(SUPPLIED RECORDS Opens)

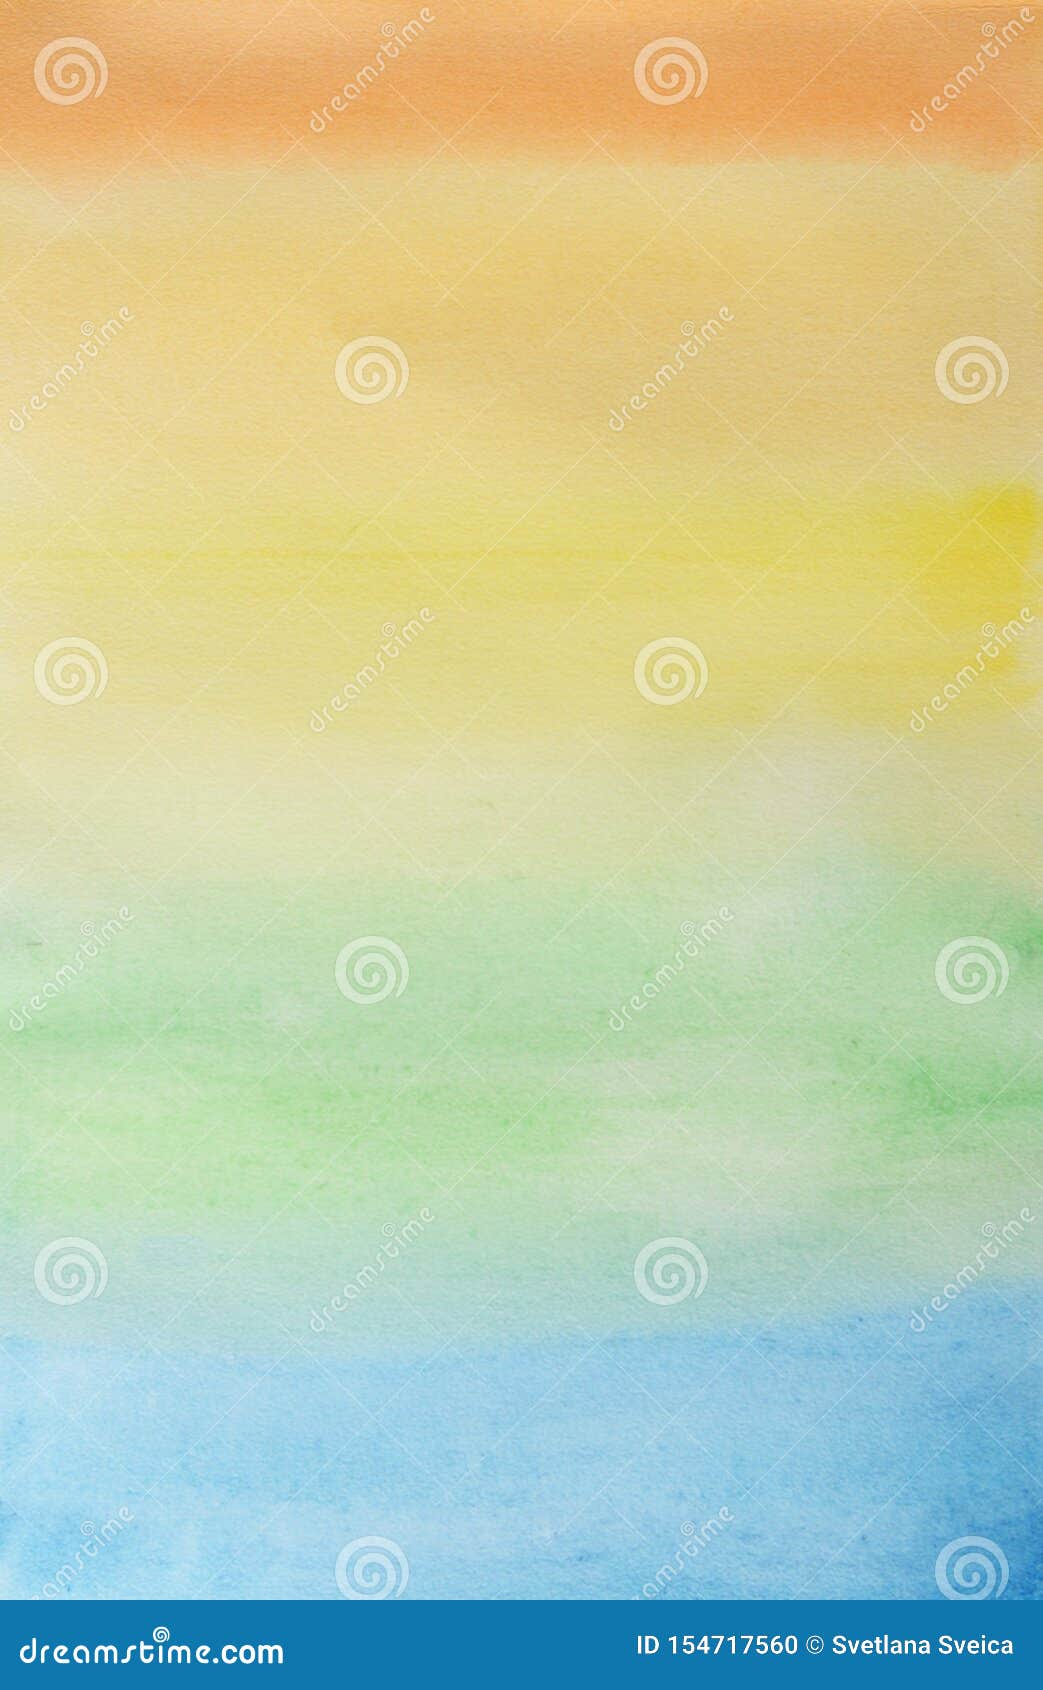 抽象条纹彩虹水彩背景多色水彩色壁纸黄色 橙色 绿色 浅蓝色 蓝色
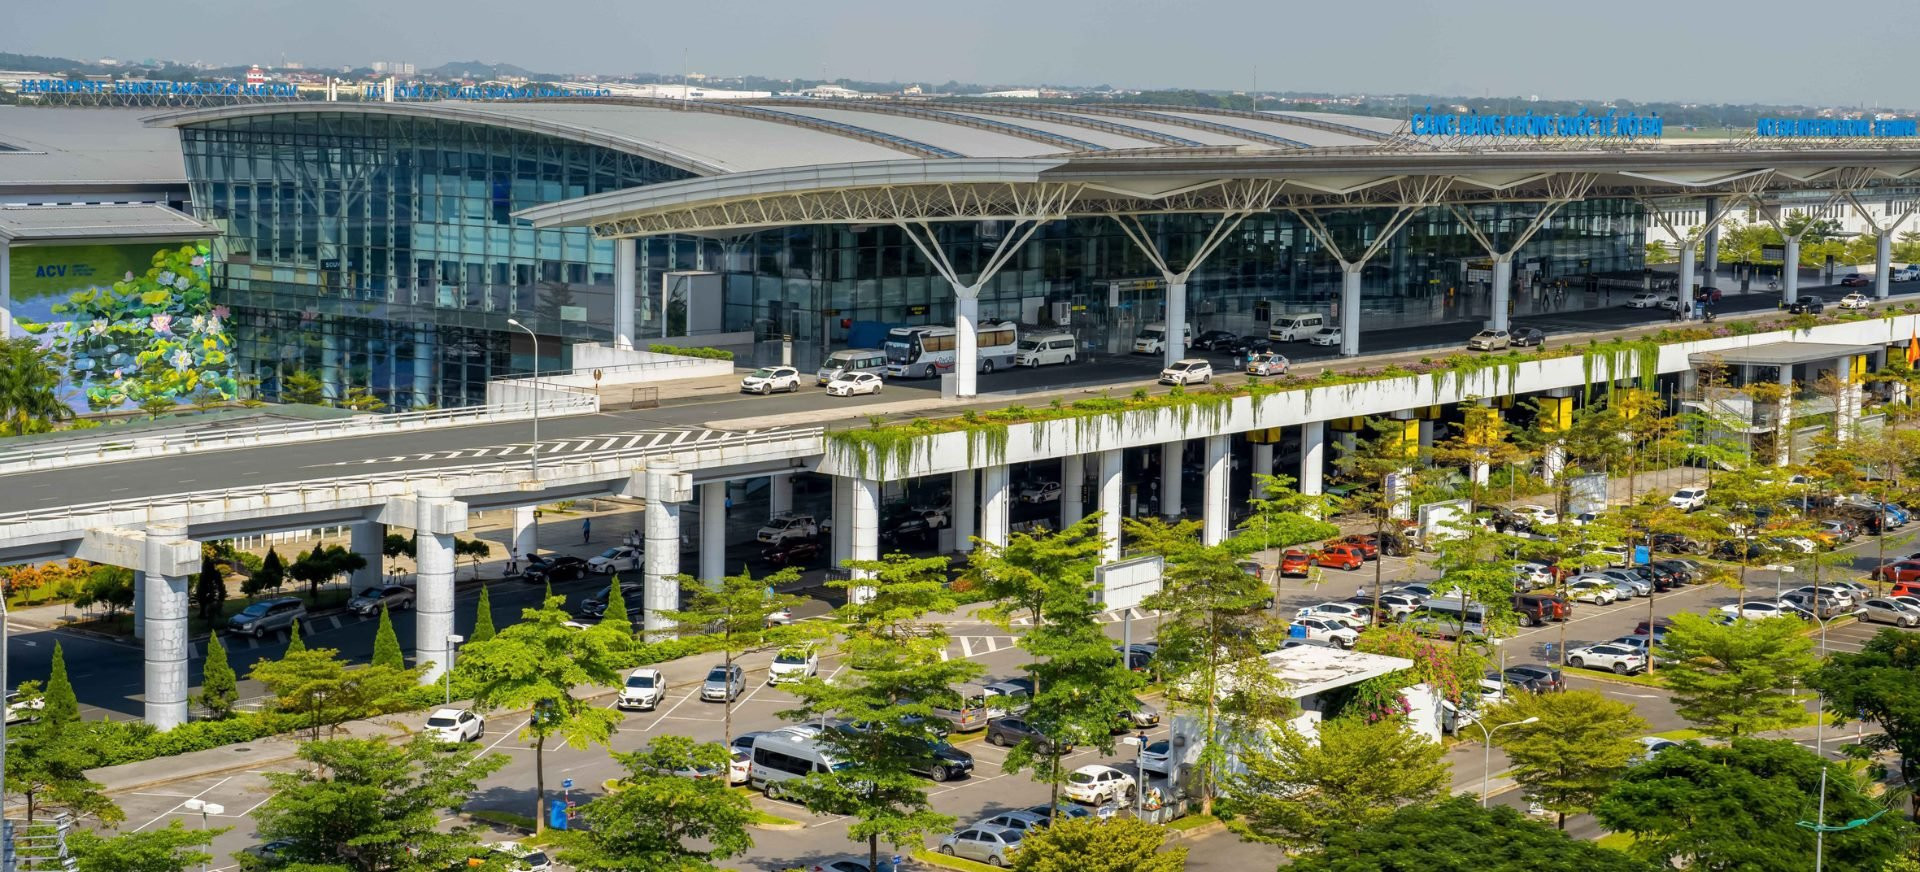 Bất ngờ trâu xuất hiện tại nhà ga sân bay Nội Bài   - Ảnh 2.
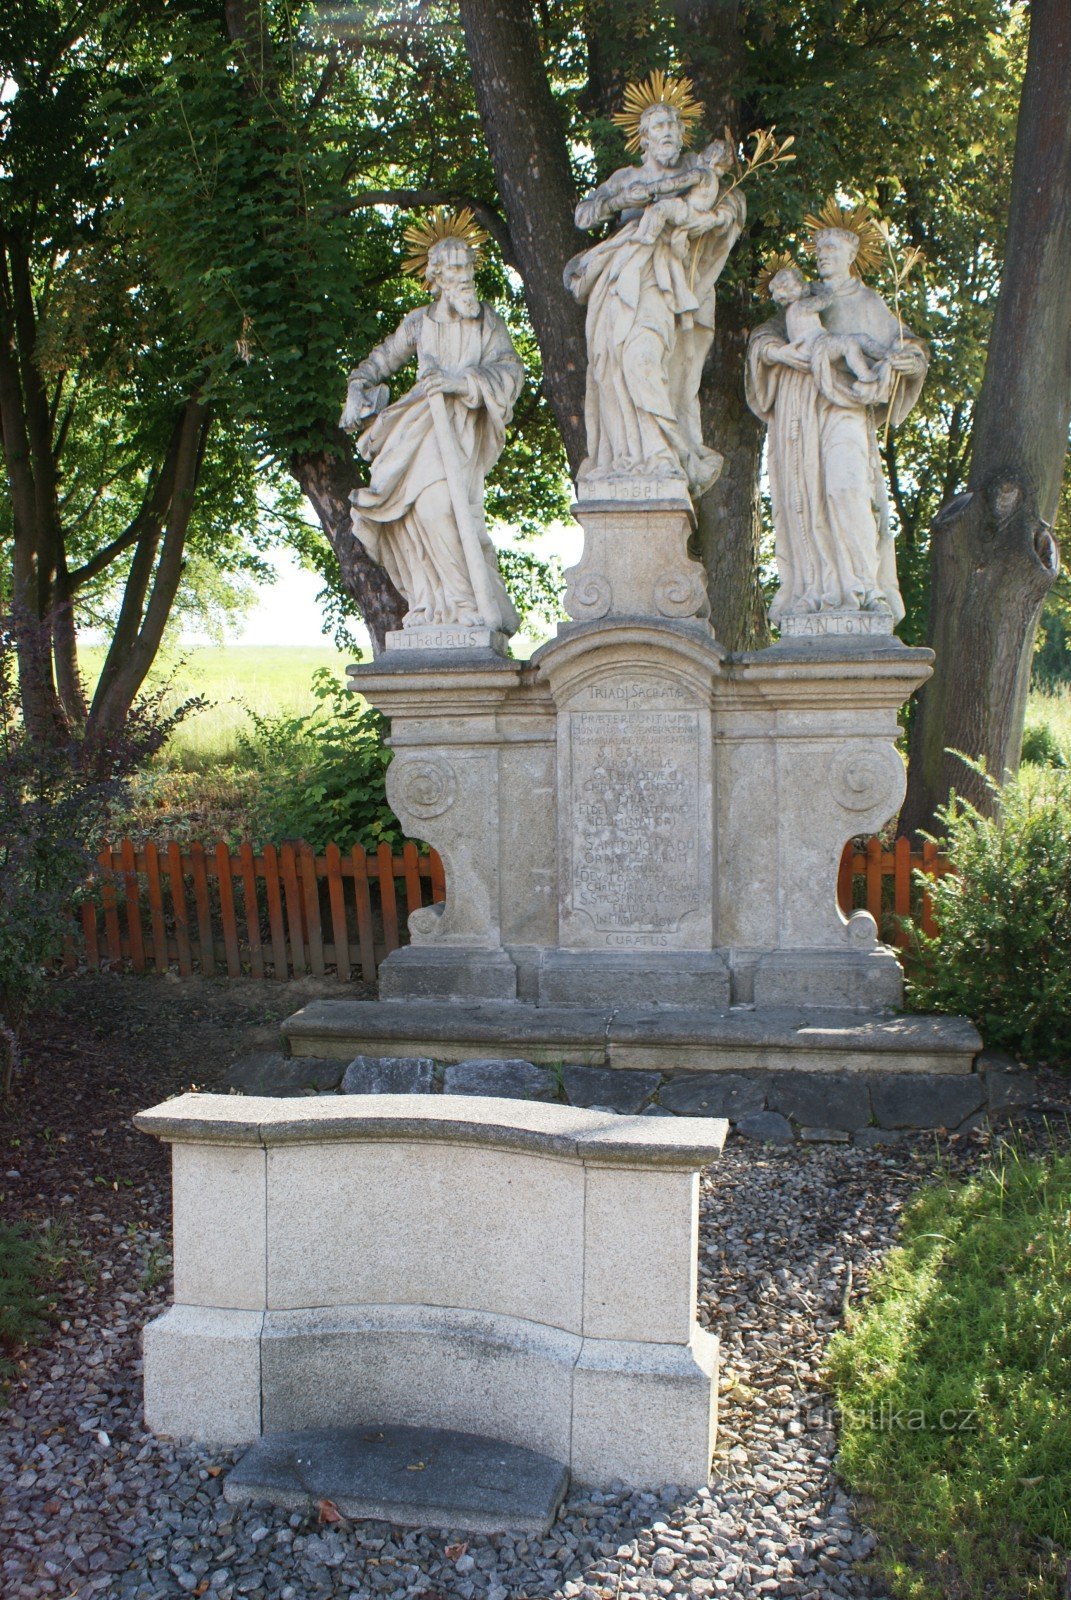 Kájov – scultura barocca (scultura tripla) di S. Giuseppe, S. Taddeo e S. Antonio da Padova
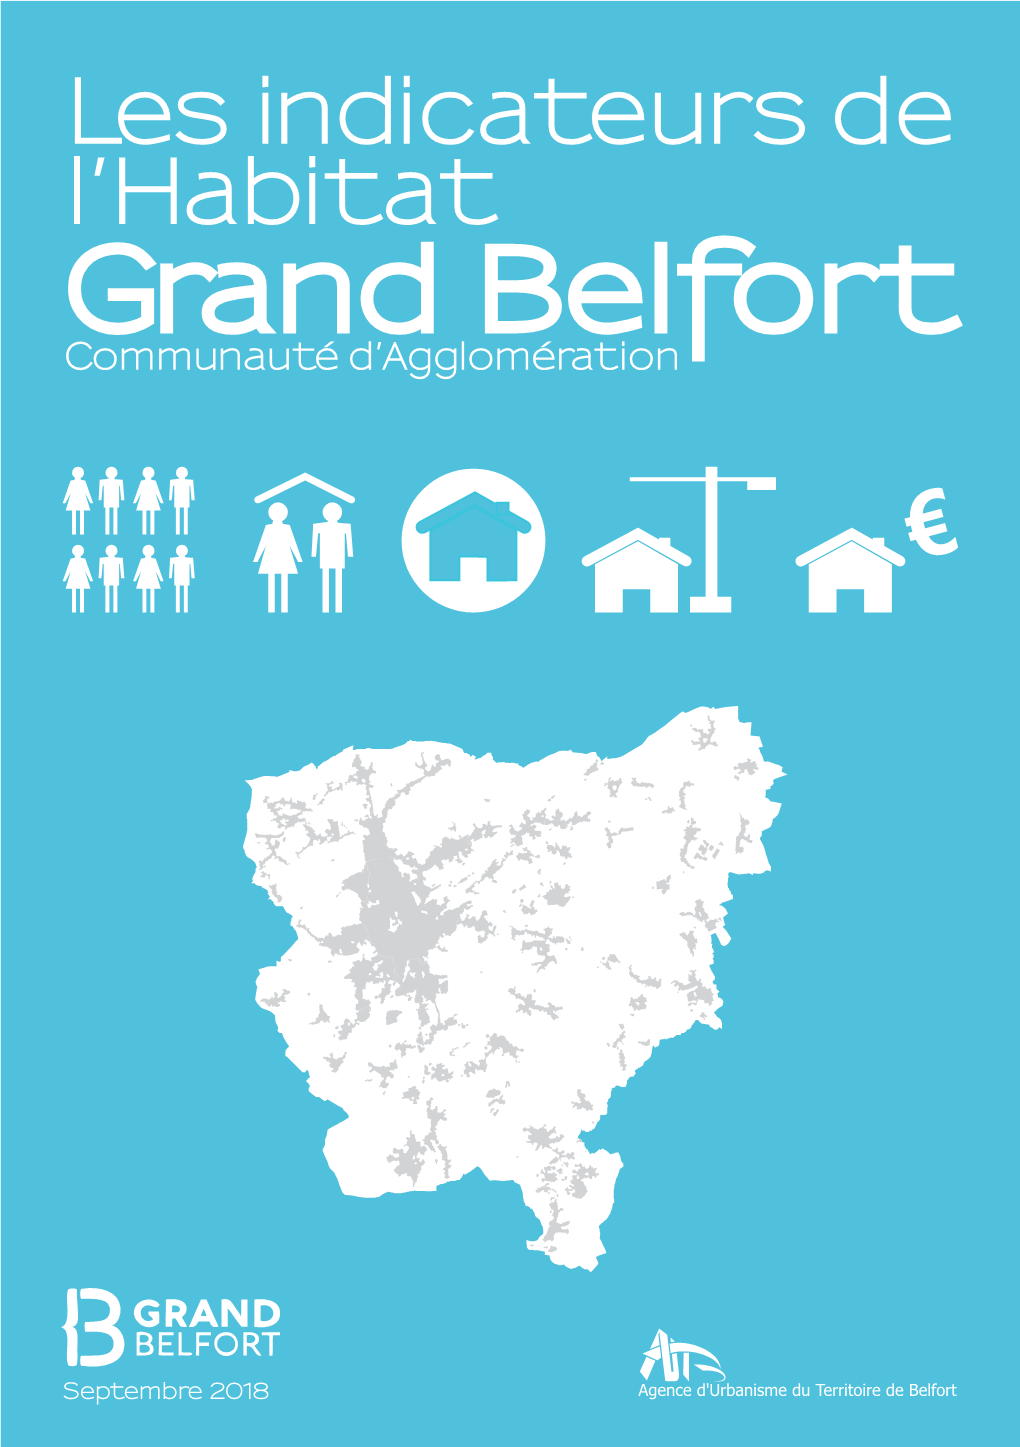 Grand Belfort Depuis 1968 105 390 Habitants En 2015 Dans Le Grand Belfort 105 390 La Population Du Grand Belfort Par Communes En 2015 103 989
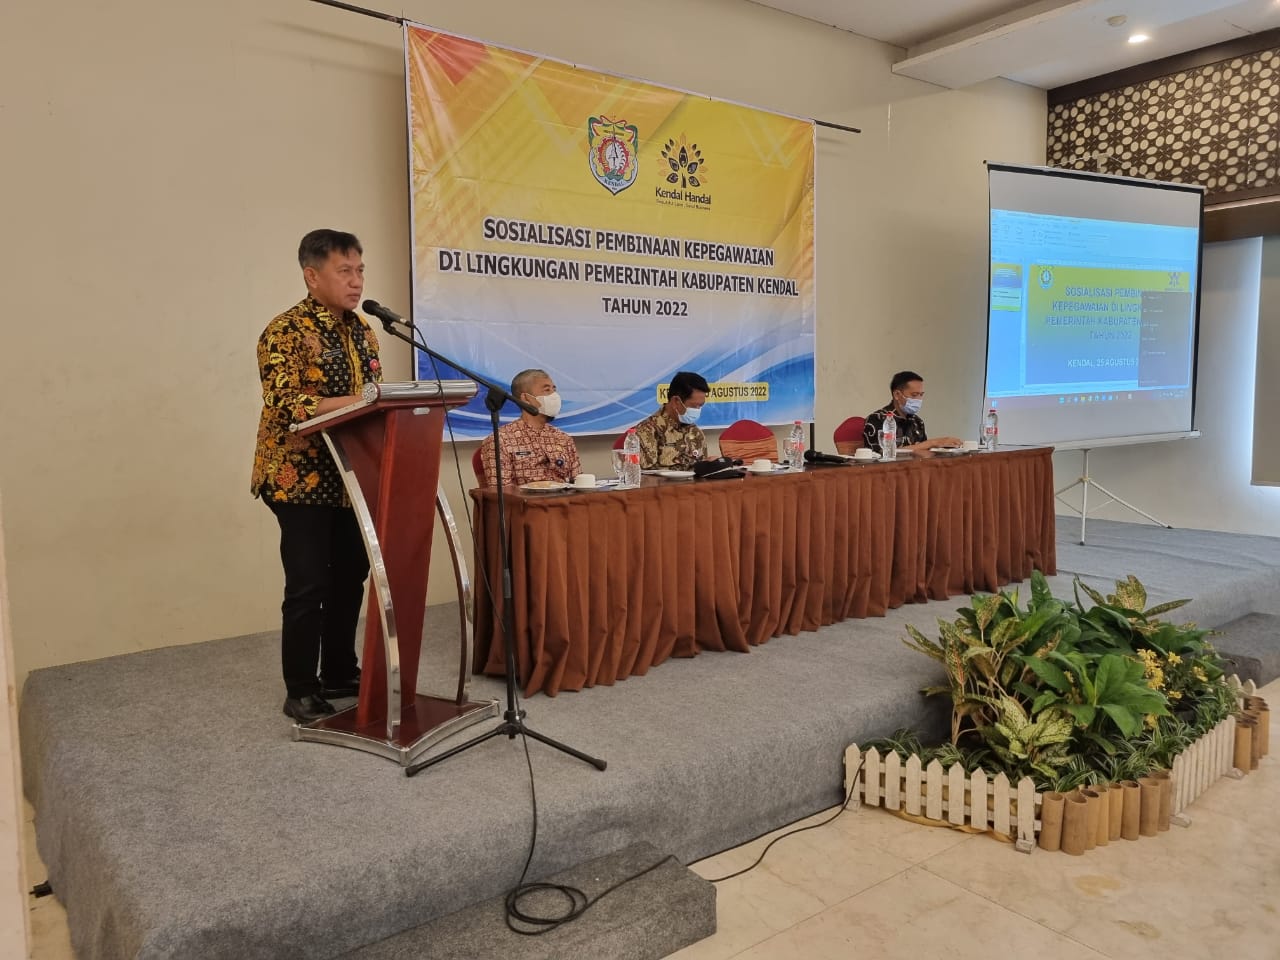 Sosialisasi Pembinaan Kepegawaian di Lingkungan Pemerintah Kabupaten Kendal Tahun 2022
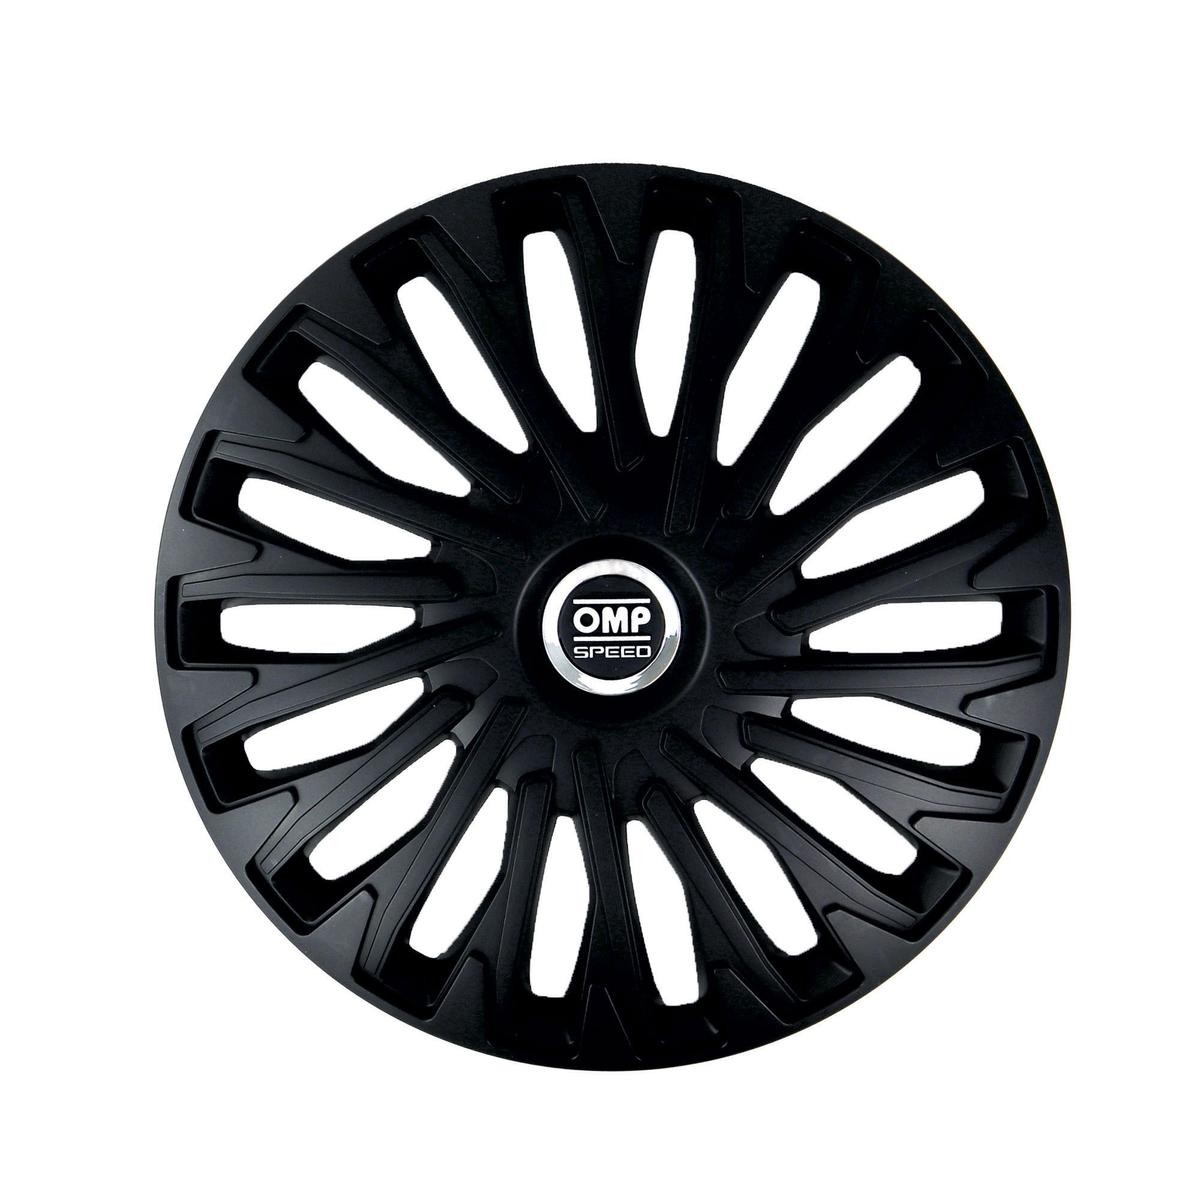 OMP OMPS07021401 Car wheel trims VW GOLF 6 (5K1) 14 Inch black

(SUPPLIED RECORDS Closes)

__WHAT YOU NEED TO DO__: Start at the line that contains "Kájov – scultura" and retype every line through the end of the entries above, both ends included. Exclude all pictures.

__ANSWER SECTION__:
 Kájov – scultura barocca (scultura tripla) di S. Giuseppe, S. Taddeo e S. Antonio da Padova
 Grand Belfort Depuis 1968 105 390 Habitants En 2015 Dans Le Grand Belfort 105 390 La Population Du Grand Belfort Par Communes En 2015 103 989
 Sosialisasi Pembinaan Kepegawaian di Lingkungan Pemerintah Kabupaten Kendal Tahun 2022
 OMP OMPS07021401 Car wheel trims VW GOLF 6 (5K1) 14 Inch black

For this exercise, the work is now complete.